4.2 Das medidas anunciadas pelo Conselho Nacional de Justiça

Criado pela Emenda Constitucional nº45 de 2004 o Conselho Nacional de Justiça é órgão de composição híbrida com competência para controle administrativo e financeiro do Poder Judiciário Brasileiro. Dentro de suas competências se incluem aquelas medidas destinadas ao aperfeiçoamento e aprimoramento do aparelho administrativo do judiciário.

A partir da Audiência Pública de Saúde de 2009 o Conselho Nacional de Justiça colocou a judicialização da saúde como tema de um dos seus programas de ação, elegendo um grupo de trabalho para elaborar estudos e propor medidas concretas e normativas referentes às demandas judiciais envolvendo a assistência à saúde22.

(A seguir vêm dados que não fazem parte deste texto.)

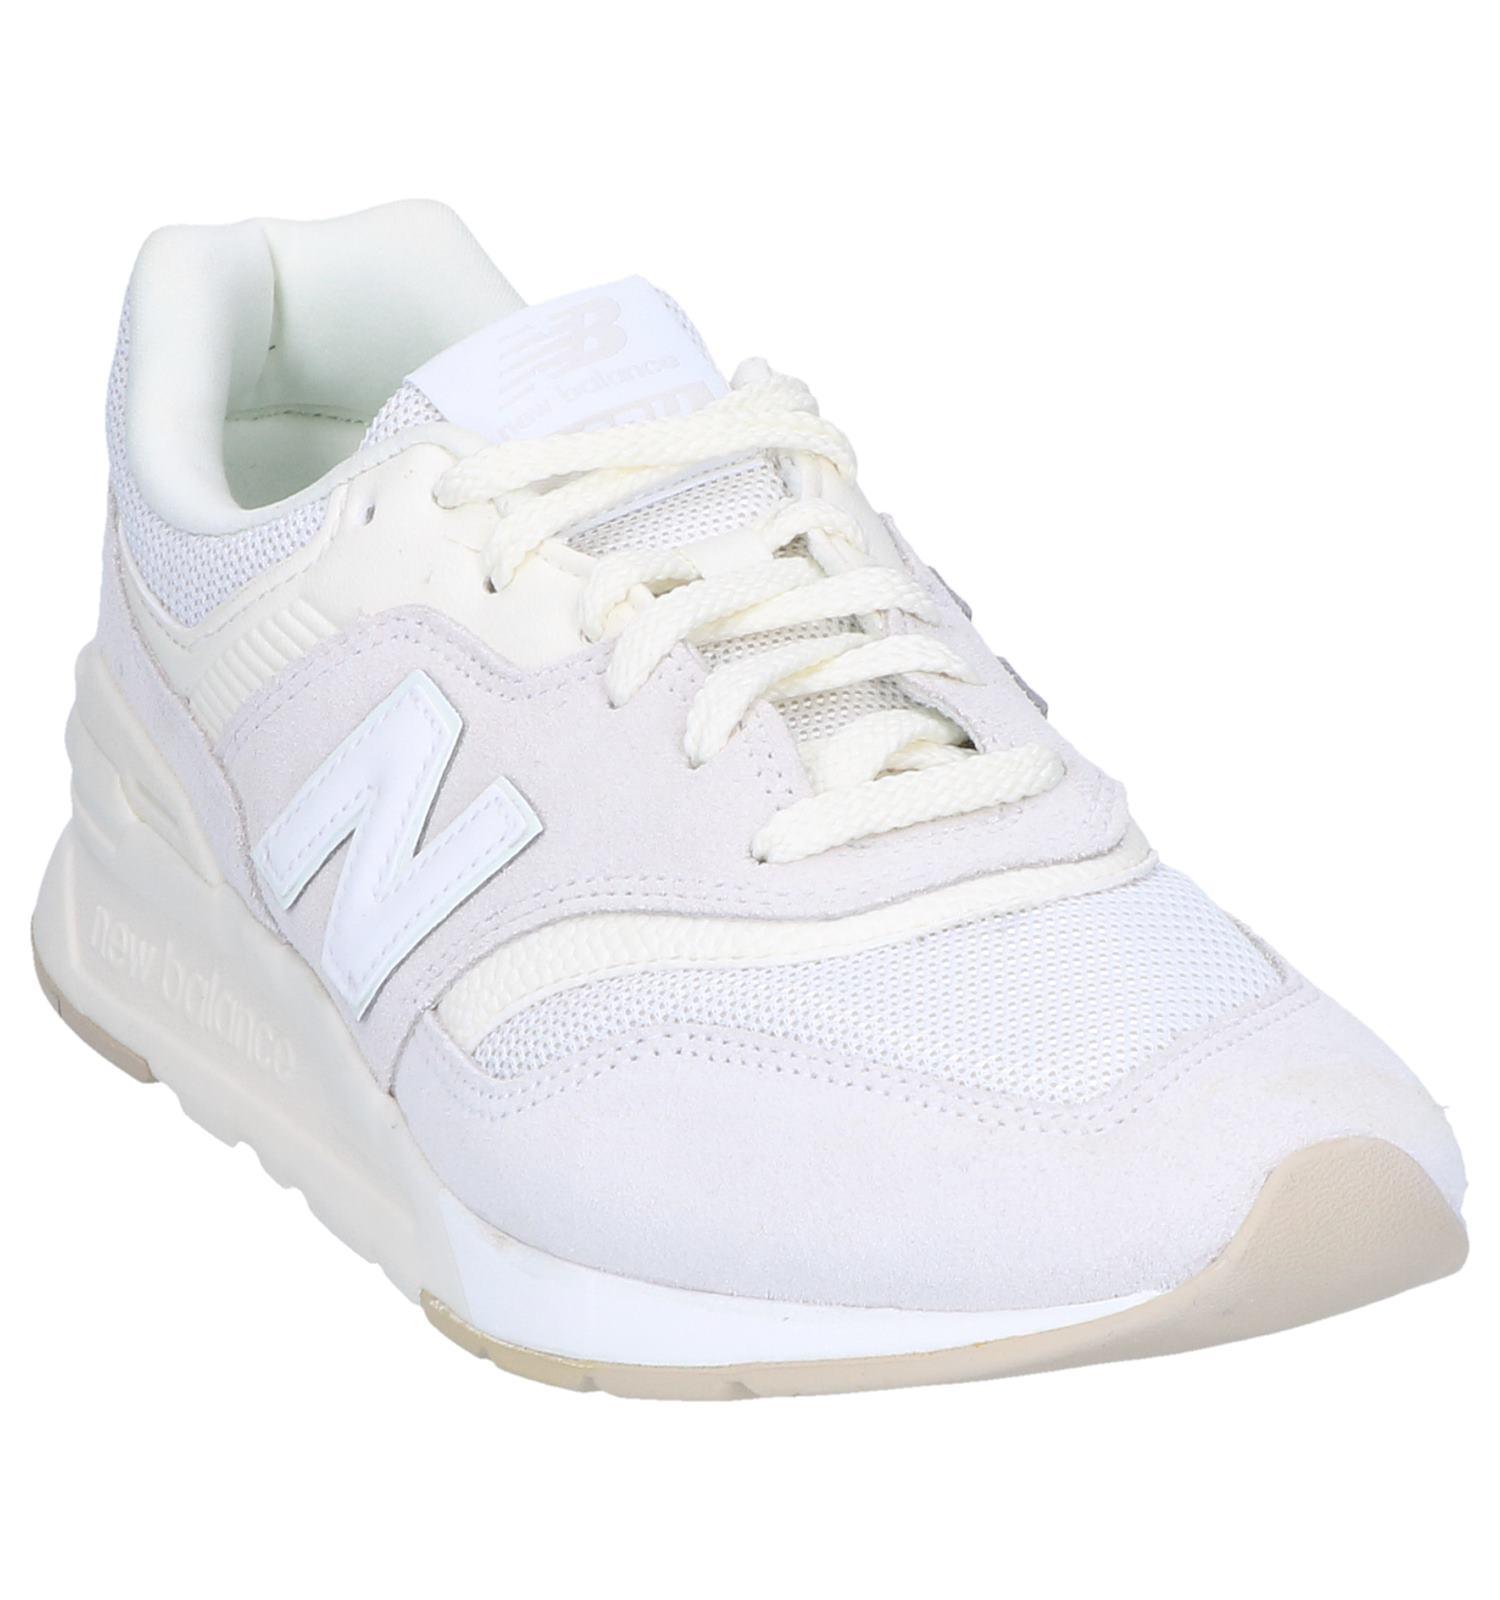 ea16ddb70d2 Lichtbeige Sneakers New Balance CM 997 | TORFS.BE | Gratis verzend en retour

Considerando os resultados da Audiência Pública de Saúde, o grande número de ações judiciais naquele momento, a necessidade de aprofundar estudos com vistas à prevenção de litígios e à adequada gestão dos processos em tramitação bem como o papel do CNJ de propulsor de políticas institucionais para o Poder Judiciário, os trabalhos daquele grupo resultaram formalmente em Recomendações e Resoluções dirigidas a todos os tribunais do país visando a melhoria na prática e no tratamento das ações que demandavam serviços de saúde.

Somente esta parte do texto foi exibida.